How many of the climbers have said screw it and gone to work in the woods falling timber or running bunchers?

Sent from my Pixel XL using Tapatalk


----------



## Luckysaturn (Feb 6, 2018)

I'm IBEW doing line Clearance. Because of this I earn a fair wage and amazing benefits. My wife and I considered moving to a non union spot in indiana. There line foreman made less than a union groundman out here  Most of the locals don't consider us a skilled trade. So if you hop companies your grade could drop down until you prove yourself. But it makes it easier to get hired on if your fired leave or laid off.


----------



## northmanlogging (Feb 9, 2018)

Wildwil said:


> ATH, that’s a good point. By no means am I promoting unions, it just seems like in my area, the greater Seattle area most of the climbers and grounds men are on drugs, lazy, and stupid. There are some good guys out there but not many. Also as a contract Climber I have not come across very many good employers either. I would just like to see more people take this industry a bit more serious.



Labor in general in the greater Seattle area if full of drunks, addicts, the lazy and stupider... not just tree services, anyone not gainfully employed in western warshington is a ****ing moron or not looking for work.

Besides that, I don't think a union is the way to go, perhaps a Guild? much like ye ole days, to work in the business you need to be a member of the guild, to be a member of the guild you need to have a few basics met and passed.
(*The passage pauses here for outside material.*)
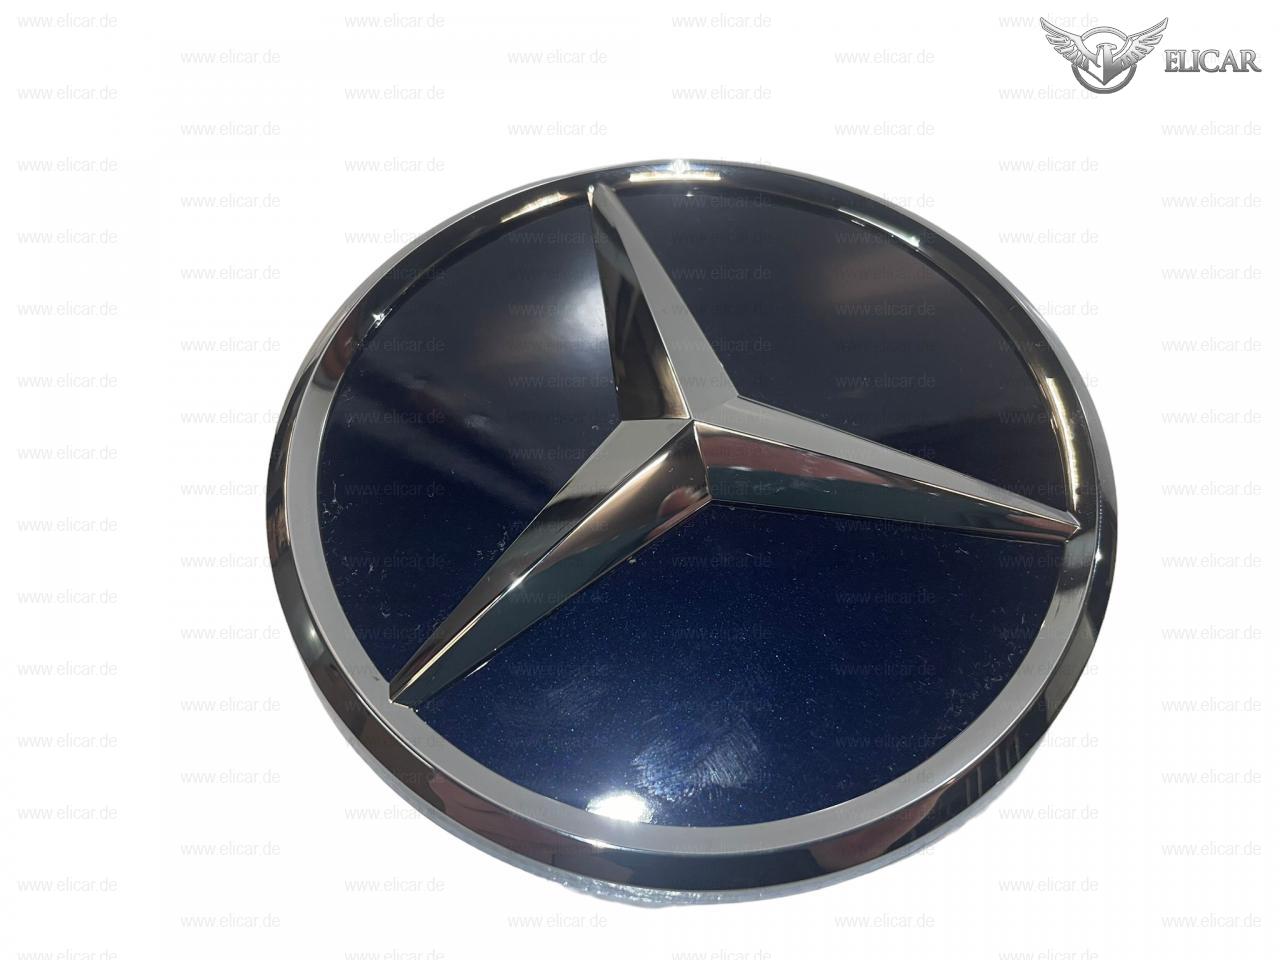 Stern Rückwandtür  e tr für Mercedes-Benz

Just simple qualifications, but if it was large enough, that the general public understood it or at the very least new it was there, then those that where members of the Guild would likely get preferred work, where as those that where not, would be forced to charge much much less then is feasible to stay in business. 

Problem with a Guild is making it big enough to have clout, not something easily accomplished.

Each member of said Guild would also have the benefit of getting guaranteed work in there local area, through said guild... Clients would contact the guild, and the guild would dispatch whoever was closest etc... 

Few small dues, and you have operating expenses covered for said dispatch, Guild members could combine buying power and get discounts on insurance, both health and liability...

But still remain independent, small businesses beholden to none but uncle Sam and whoever you owe money to...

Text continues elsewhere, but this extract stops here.